== What you need to do ==
Please reproduce all of the data below exactly, leaving each picture out.

== Supplied material ==
|---|

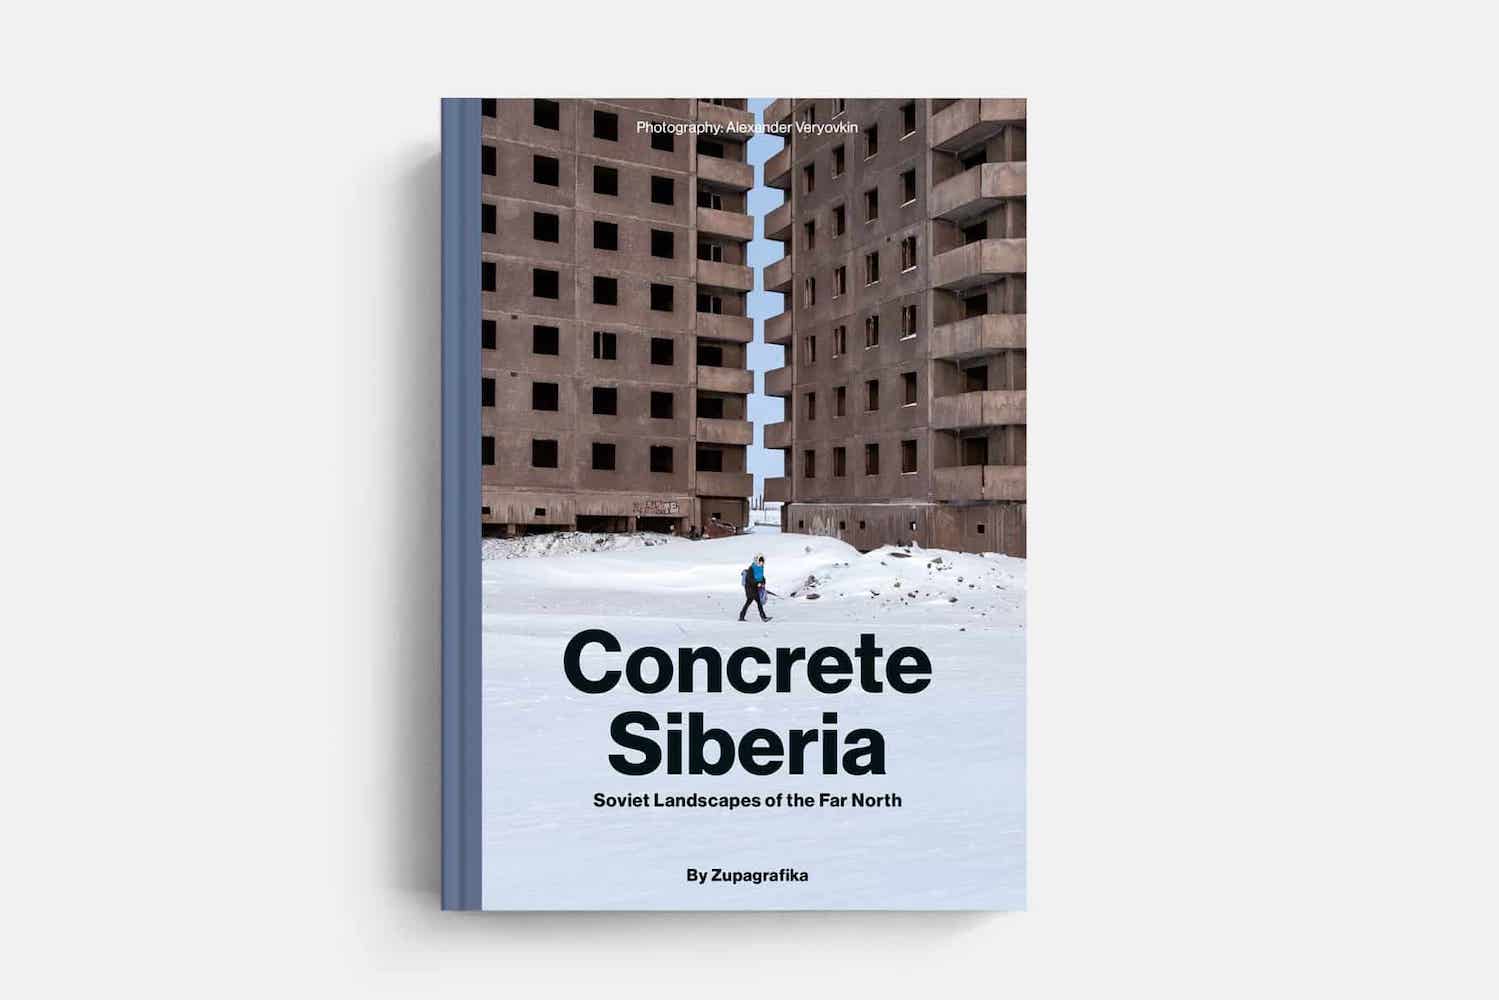 Concrete Siberia book cover. Image: Zupagrafika
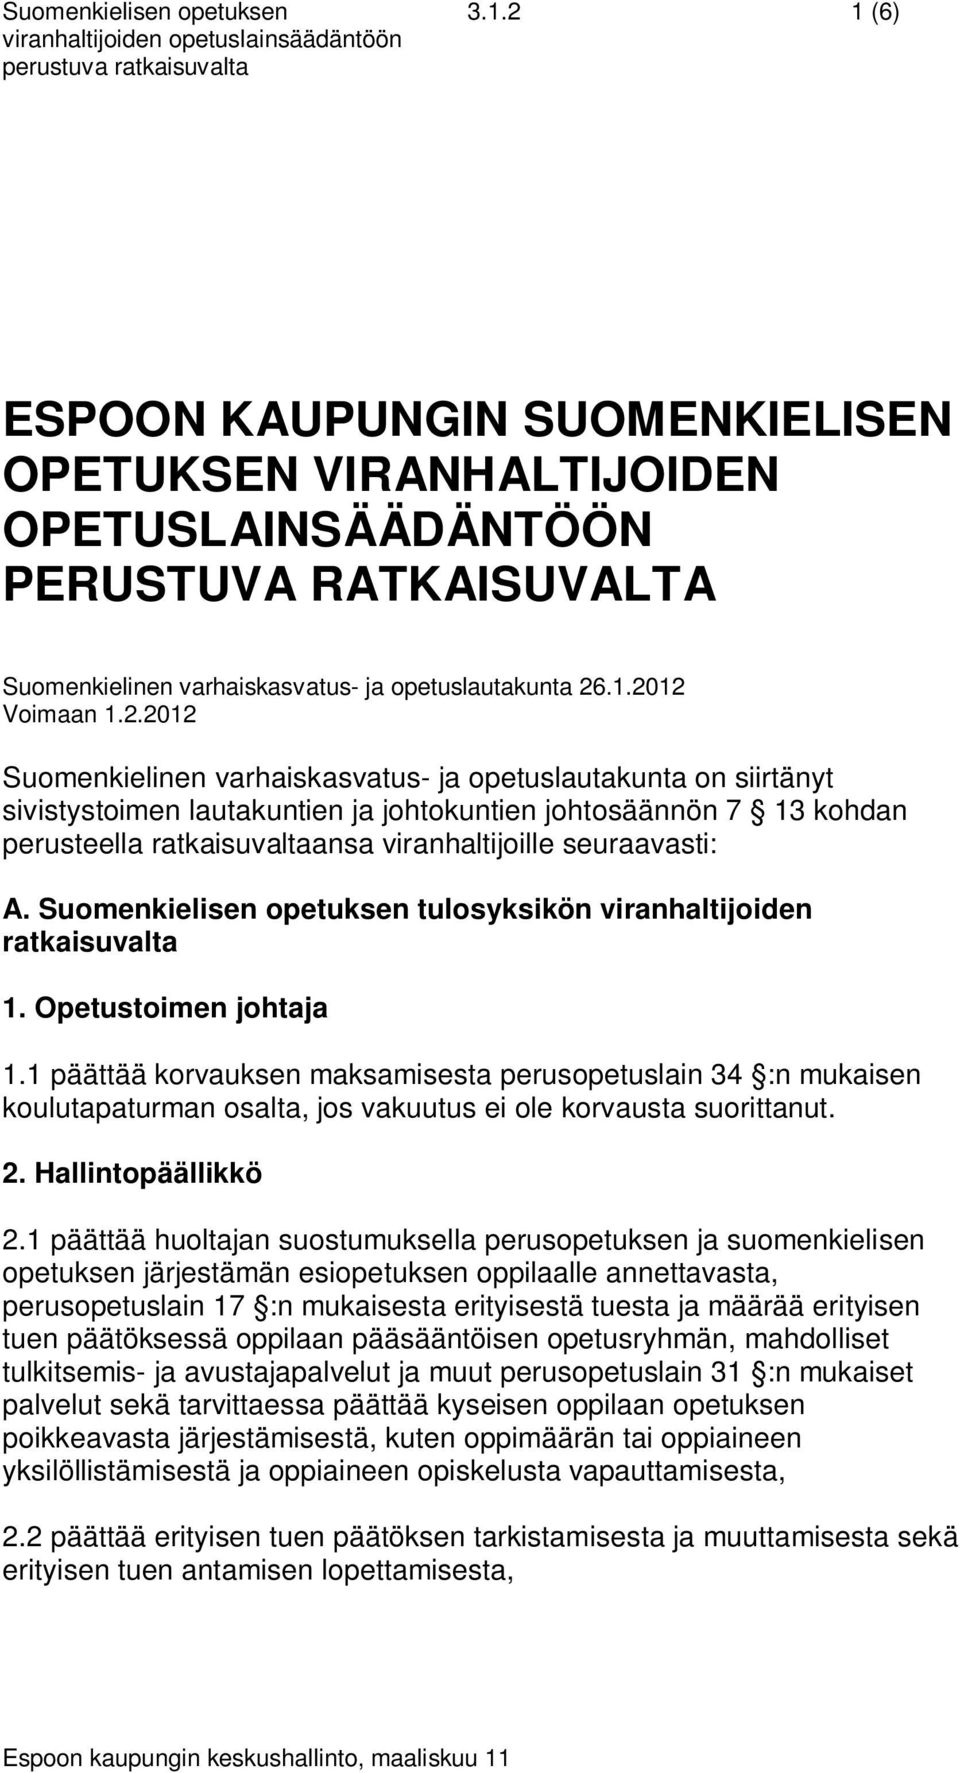 seuraavasti: A. Suomenkielisen opetuksen tulosyksikön viranhaltijoiden ratkaisuvalta 1. Opetustoimen johtaja 1.
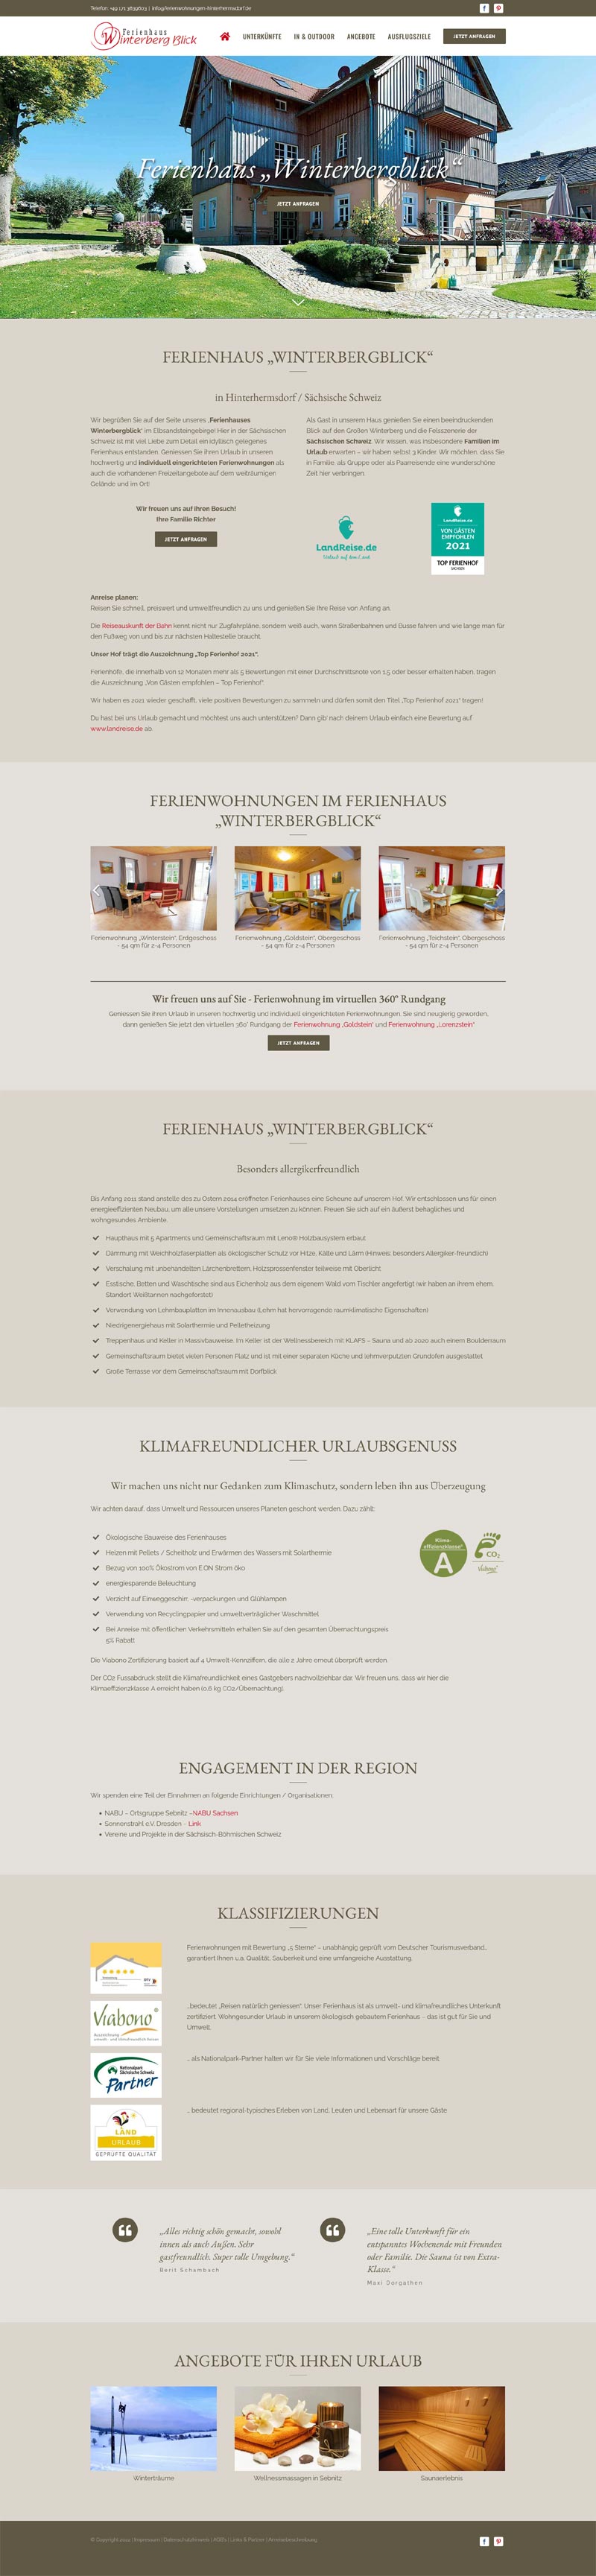 Ferienwohnung Hinterhermsdorf Screenshot Fullsize Startseite

|---|

== Response area ==
 Concrete Siberia book cover. Image: Zupagrafika
 seuraavasti: A. Suomenkielisen opetuksen tulosyksikön viranhaltijoiden ratkaisuvalta 1. Opetustoimen johtaja 1.
 Ferienwohnung Hinterhermsdorf Screenshot Fullsize Startseite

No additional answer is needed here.